There we have it, folks. According to the, I hate to say this, but the president of the United States, it’s a bad thing to heed the advice of scientists on things like, well, you know, science.

 

This is one of the things that drives me craziest about the modern-day Republican Party – they tend to look down on experts in their respective fields. Here are individuals who have dedicated their entire lives to educating themselves in a particular field; successfully transferred that education into a practice; and through all of that, attempted to make the world a better place. Yet they’re often derided by Republicans as being “elitists.” I don’t even get that insult. When an athlete is labeled as elite, eh, yeah, that’s a good thing.

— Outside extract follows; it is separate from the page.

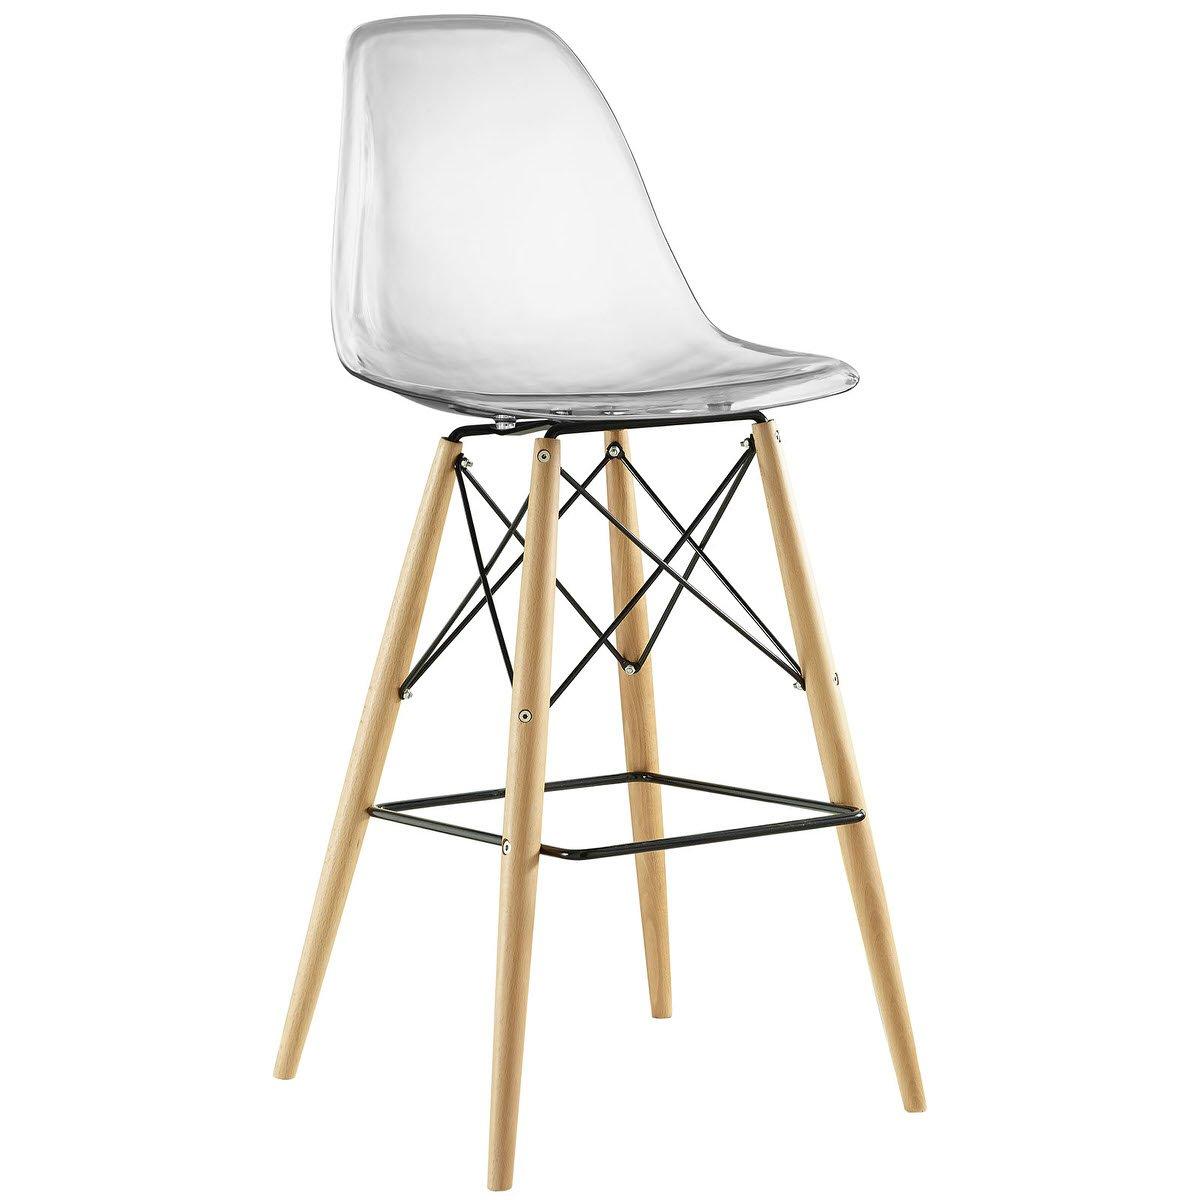 Pleasing Pyramid Bar Stool Clear By Modern Living Uwap Interior Chair Design Uwaporg
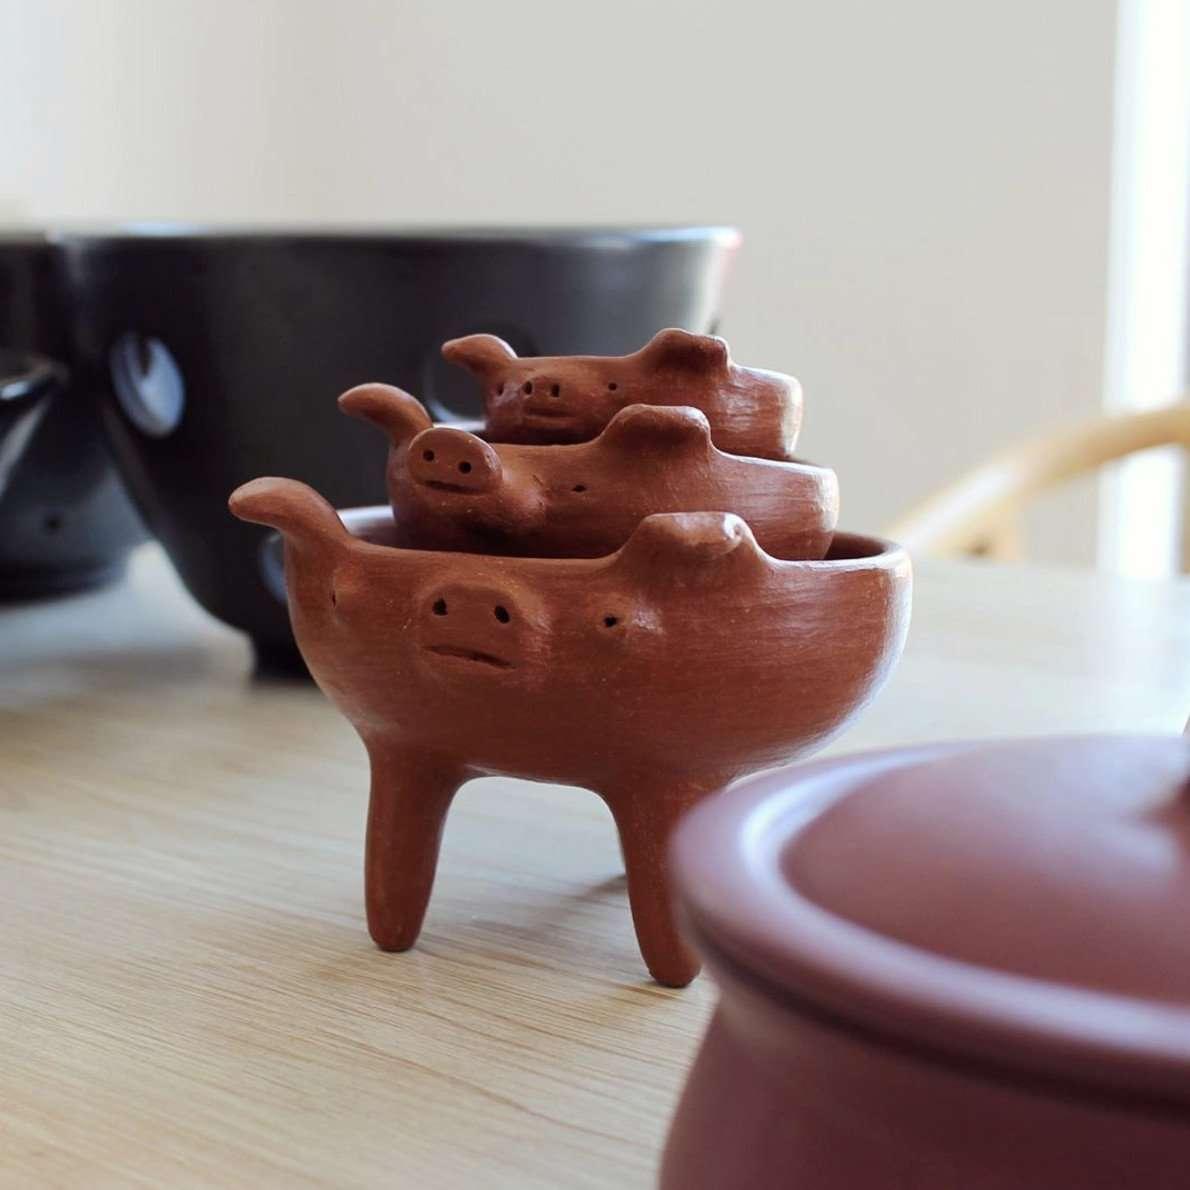 blog ropt colectivo 1050 pigs - indigenous

So, if someone were to call me “elitist,” I wouldn’t be too heartbroken about it, but I digress.

 

So, here is the latest example of that: “Sleepy Joe would listen to the scientists and yada yada yada.” First off, if Donald Trump had immediately listened to the scientists, we wouldn’t need to be talking about another nationwide lockdown; we wouldn’t have suffered over 230,000 deaths; and we wouldn’t be reporting over 70,000 new cases every day 8 months after the virus’s inception. But, as we all know, that didn’t happen. Donald Trump knew as early as January how dangerous the virus was; he ignored it; he lied to the American people; and look where we are today. Trump talks about the economy booming. Millions of people are still without a job; our unemployment is near 8%; and with cases rising again, it’s going to be incredibly difficult for those numbers to continue in a downward trajectory unless sufficient action is taken with regard to the virus. So, fake president Trump, the only reason a President Joe Biden would need to “totally” listen to the scientists is because you didn’t listen to them at all.

 

On that note, here are other bits of wisdom I expect Donald Trump to utter, with regard to experts, at some point in the future (if he hasn’t already):

 

Neurosurgeon

“Look, if you have one of those little brain tumor thingies, don’t listen to the Nero guy. He’ll just say you might die if you don’t let him do all this fancy stuff to, like, your brain. Listen, I know more about brains than even the brain people do, believe me. So, if you have a brain tumor thingy, just let it happen, let it spread, and then it’ll disappear, like a miracle.”

 

Dentist

“Teeth are like assholes – everyone’s got one. So, I mean, what makes your teeth so special that you need to get them cleaned by people with brushes, drills, and string cheese? If you have brushes, drills, and string cheese at home, you can be your own dentist. …and if you need braces, just put some Swiss cheese in your mouth. There. Done. You’re welcome.”

 

English Professor

“This is the stupidest job in history of the United Shtathes. If I had a hamberder every time one of these smocking covfefes failed to honer the best language ever, I wouldn’t be in as gooda shape as I am now. I mean, it’d be unpresidented My wife, Melanie, agrees. Her educatuon has really paid off, bigly.”

 

Historian

“What historians fail to realize is that history is whatever you make of it. If I say I married Jennifer Lopez two years ago, then that happened, okay? That’s history. Did you know I’ve been president for over 200 years. George Washington? Hoax. That’s history, folks. That’s history.”

 

Gynecologist

“I call these people the Carl Spacklers of the world. I mean, what’s different about them? They just look and fill up holes with sprinklers and bombs, like Bill Murray did in that golf movie, Cats ‘N’ Shacks or whatever. Anyone can do this. The best gyno-whatevers you can find are in backyards attacking moles and gophers. Fact.”